We now present experimental data comparing the performance of the different algorithms. RNGLR is compared to Farshi, as these are the two fully general GLR algorithms. However, even with the modifications mentioned above, Farshi’s algorithm is not as efficient as Tomita’s algorithm, thus the RNGLR algorithm is also compared to Tomita’s original approach using Algorithm 1e.

The BRNGLR algorithm is asymptotically faster than the RNGLR algorithm in worst case and data showing this is given. Experiments are also carried out on average cases using Pascal, Cobol and C grammars, to investigate typical as well as worst case performance. The BRNGLR algorithm is also compared to Earley’s classic cubic general parsing algorithm and to the cubic RIGLR algorithm, as this was designed to have reduced constants of proportionality by limiting the underlying stack activity.

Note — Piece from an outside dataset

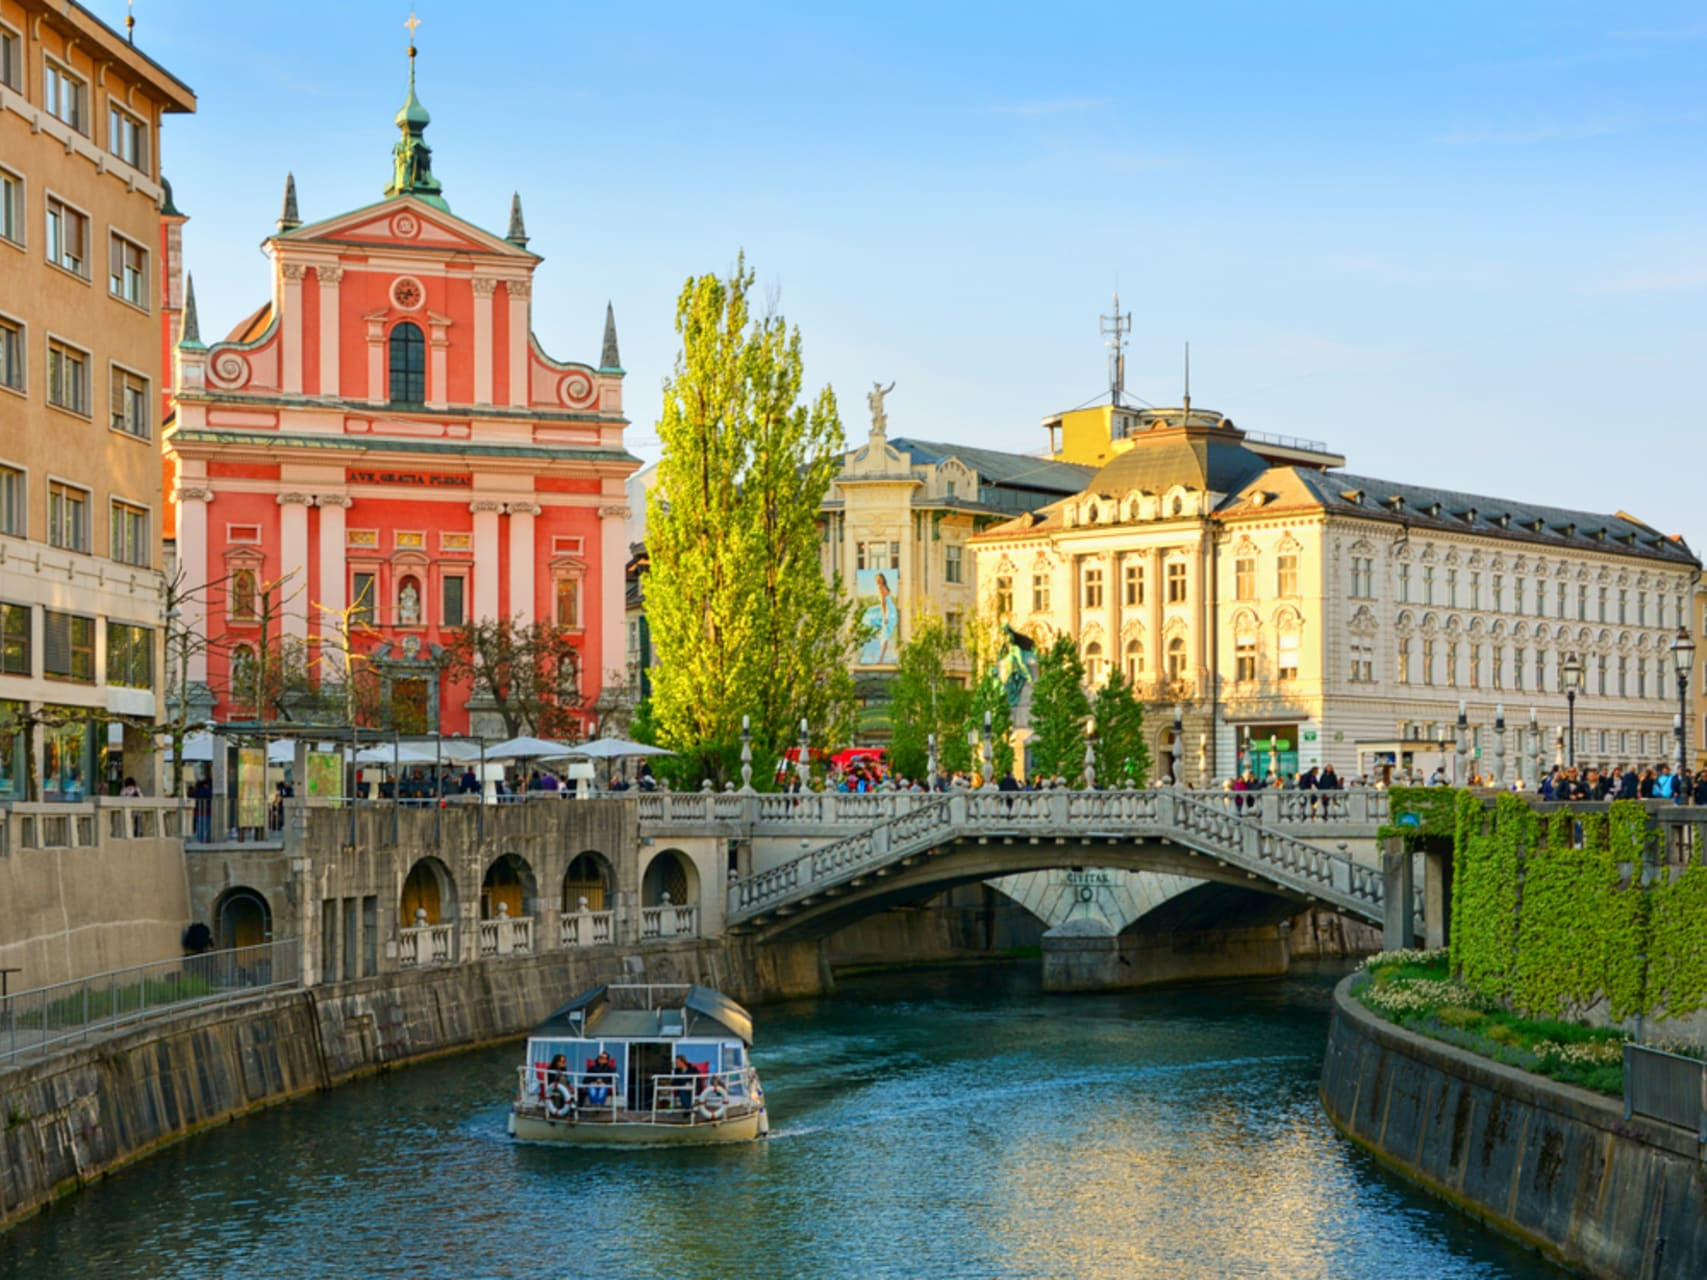 Ljubljana - Bridges that unite us

We also present data comparing the relative efficiency of the GLR algorithms when different types (LR(0), SLR(1), LALR(1) and LR(1)) of parse table are used.

10.2 The Grammar Tool Box and Parser Animation Tool

The Grammar Tool Box (GTB) [15] is a system for studying language specification and translation. GTB includes a set of built-in functions for creating, modifying and displaying structures associated with parsing.

The Parser Animation Tool (PAT) is an accompanying visualisation tool that has its own implementations of the parsing algorithms discussed in this thesis which run from tables generated by GTB. PAT is written in Java, and GTB in C++ so they necessarily require separate implementations, but this has the added benefit of two authors constructing independent programs from the theoretical treatment. PAT dynamically displays the construction of parse time structures and can also be used in batch mode to generate statistics on parser behaviour. The results presented in this chapter have been generated in this way. A guide to PAT and its use is given in Appendix A.

The complete tool chain conducted for this thesis comprises of ebnf2bnf, a tool for converting extended BNF grammars to BNF; GTB which is used to analyse grammars and construct parse tables, and PAT which is used to animate algorithms and generate statistics on parse-time structure size.

10.3 The grammars

Pascal and C typify the top-down and bottom-up approaches to language design. In folklore at least, Pascal is thought of as being designed for LL(1) parsing and C for LALR(1) parsing. In practice, Pascal is reasonably close to LL(1). Our Pascal grammar only has one SLR(1) conflict, arising from the if-then-else ambiguity. C is essentially parsable with an LALR(1) parser, but was not initially designed that way. The LALR(1) ANSI-C grammar was only written by Tom Penello in about 1983. Bjarne Stroustrup described at some length the difficulties involved in attempting to build parsers for early versions of C++ using a hybrid of Yacc and a lexer containing much lexical trickery relying on recursive descent techniques [12, p.68]. C++’snon-deterministic syntax has clearly stimulated the development of tools such as ANTLR [11] and the GLR mode of Bison [12]. Cobol’s development was contemporary with that of Algol-60 and thus pre-dates the development of deterministic parsing techniques. The language has a large vocabulary which will challenge any table based parsing method.

For these experiments we have used the grammar for ISO-7185 Pascal extracted from the standard, the grammar for ANSI-C extracted from [10] and a grammar for IBM VS-Cobol developed in Amsterdam. This grammar is described in [11]. A version of the grammar is available as a hyperlinked browsable HTML file from [Cob]: we used a version prepared for Asf+Sdf from which we extracted the context-free rules. The original grammars are written in EBNF. The ebnf2bnf tool was used to generate corresponding BNF grammars. See [12] for more details of this tool.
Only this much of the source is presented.